Beoordeling van het beroep tegen de bestuurlijke boete voor bedrijfsmatig onttrekken van woonruimte

In deze uitspraak van de Rechtbank Zeeland-West-Brabant op 28 september 2023, wordt het beroep van eiser tegen een bestuurlijke boete van € 4.000,- beoordeeld. Deze boete was opgelegd door het college van burgemeester en wethouders van de gemeente Tilburg vanwege het bedrijfsmatig onttrekken van woonruimte zonder vergunning. De rechtbank behandelt de feiten van de zaak, waarbij op 24 juni 2021 een hennepkwekerij werd aangetroffen in de woning van eiser. De rechtbank concludeert dat eiser een substantieel deel van de woning heeft onttrokken aan de woningvoorraad, omdat drie kamers werden gebruikt voor hennepteelt en niet meer geschikt waren voor bewoning. Eiser betwist dat de onttrekking bedrijfsmatig was, maar de rechtbank oordeelt dat de omstandigheden en de aard van de overtreding wijzen op bedrijfsmatige exploitatie. Eiser stelt ook dat de boete onevenredig is, maar de rechtbank oordeelt dat het college in redelijkheid heeft besloten om de boete in stand te laten, rekening houdend met de omstandigheden van de zaak. De rechtbank verklaart het beroep ongegrond, wat betekent dat de opgelegde boete blijft staan en eiser geen griffierecht of proceskostenvergoeding ontvangt.

Uitspraak

RECHTBANK ZEELAND-WEST-BRABANT
Zittingsplaats Breda
Bestuursrecht
zaaknummer: BRE 23/2339

uitspraak van de enkelvoudige kamer van 28 september 2023 in de zaak tussen

[eiser], uit [plaats], eiser

en

het college van burgemeester en wethouders van de gemeente Tilburg, verweerder

(gemachtigde: mr. Z. Mucuk).

Inleiding

1. In deze uitspraak beoordeelt de rechtbank het beroep van eiser tegen het besluit van het college van 6 maart 2023 om de opgelegde bestuurlijke boete van € 4.000,- in stand te laten. Het college heeft deze boete met zijn besluit van 31 december 2021 aan eiser opgelegd vanwege het bedrijfsmatig onttrekken van woonruimte zonder vergunning.
1.1.
Het college heeft op het beroep gereageerd met een verweerschrift.
1.2.
De rechtbank heeft het beroep op 30 augustus 2023 op zitting behandeld. Hieraan hebben deelgenomen: eiser en de gemachtigde van het college.

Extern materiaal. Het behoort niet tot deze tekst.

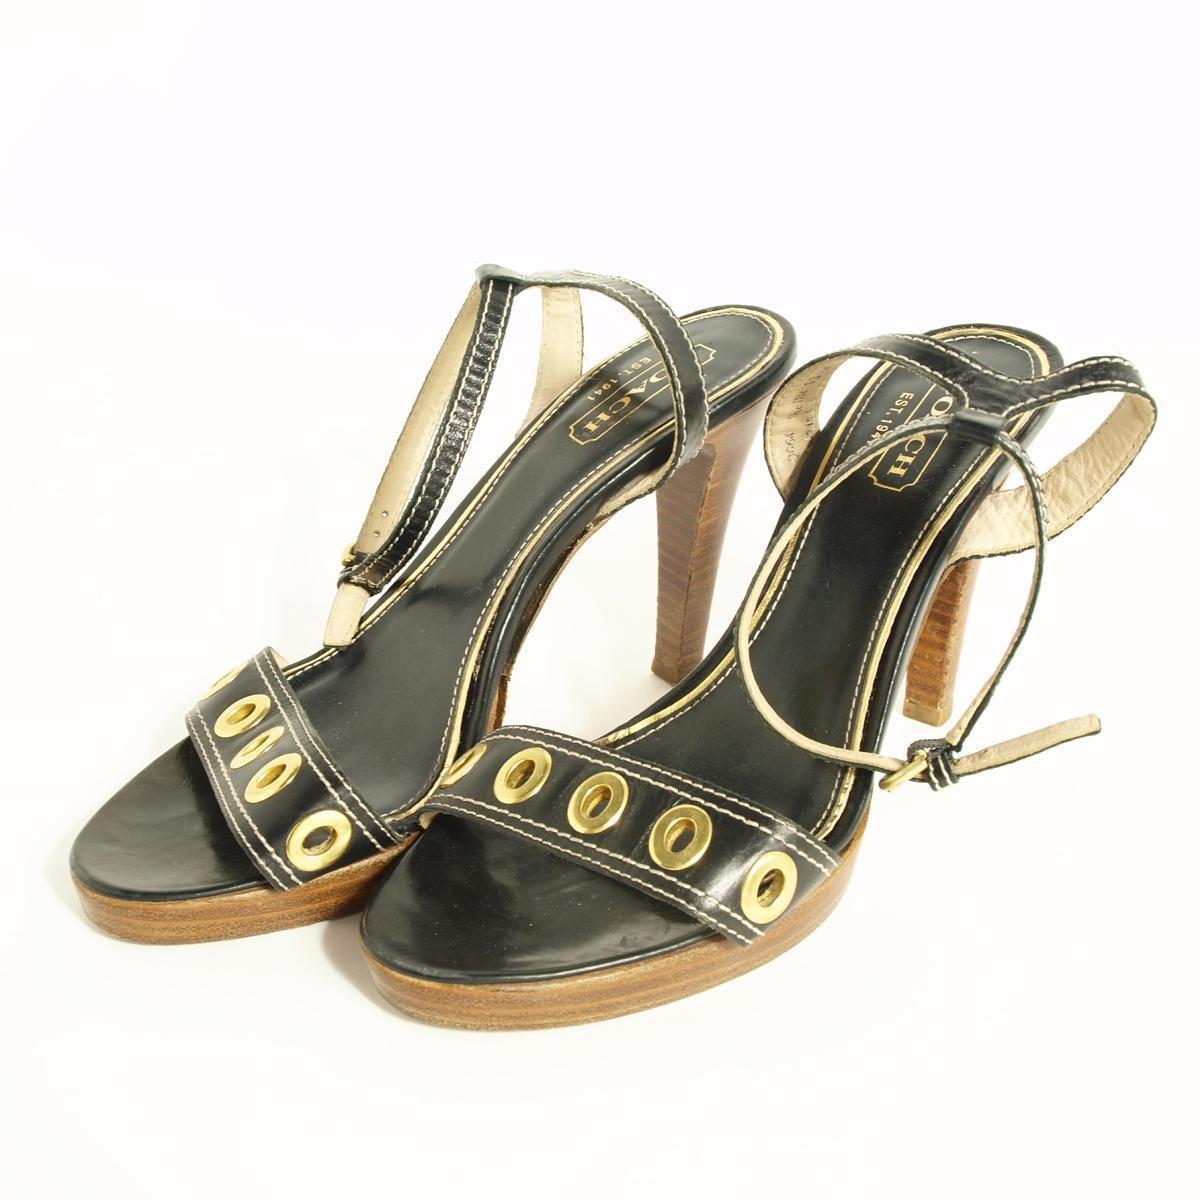 教练意大利制造女用浅口无扣无带皮鞋8B女士24.5cm COACH/boj0317 160702

Totstandkoming van het besluit

2. Op 24 juni 2021 heeft een toezichthouder van de gemeente Tilburg een hennepkwekerij aangetroffen in de woning aan de [adres] in [plaats]. Eiser was huurder en enig bewoner van deze woning. Eén kamer op de zolderverdieping en twee slaapkamers op de eerste verdieping werden gebruikt als hennepkwekerij. De muur tussen de twee slaapkamers was uitgebroken. De toezichthouder heeft, behalve de geïnstalleerde kwekerij en de daarbij benodigde kweekmaterialen, 370 hennepplanten aangetroffen. Het college heeft daarop een bestuurlijke boete van € 4.000,- opgelegd aan eiser voor het bedrijfsmatig onttrekken van woonruimte aan de woningvoorraad.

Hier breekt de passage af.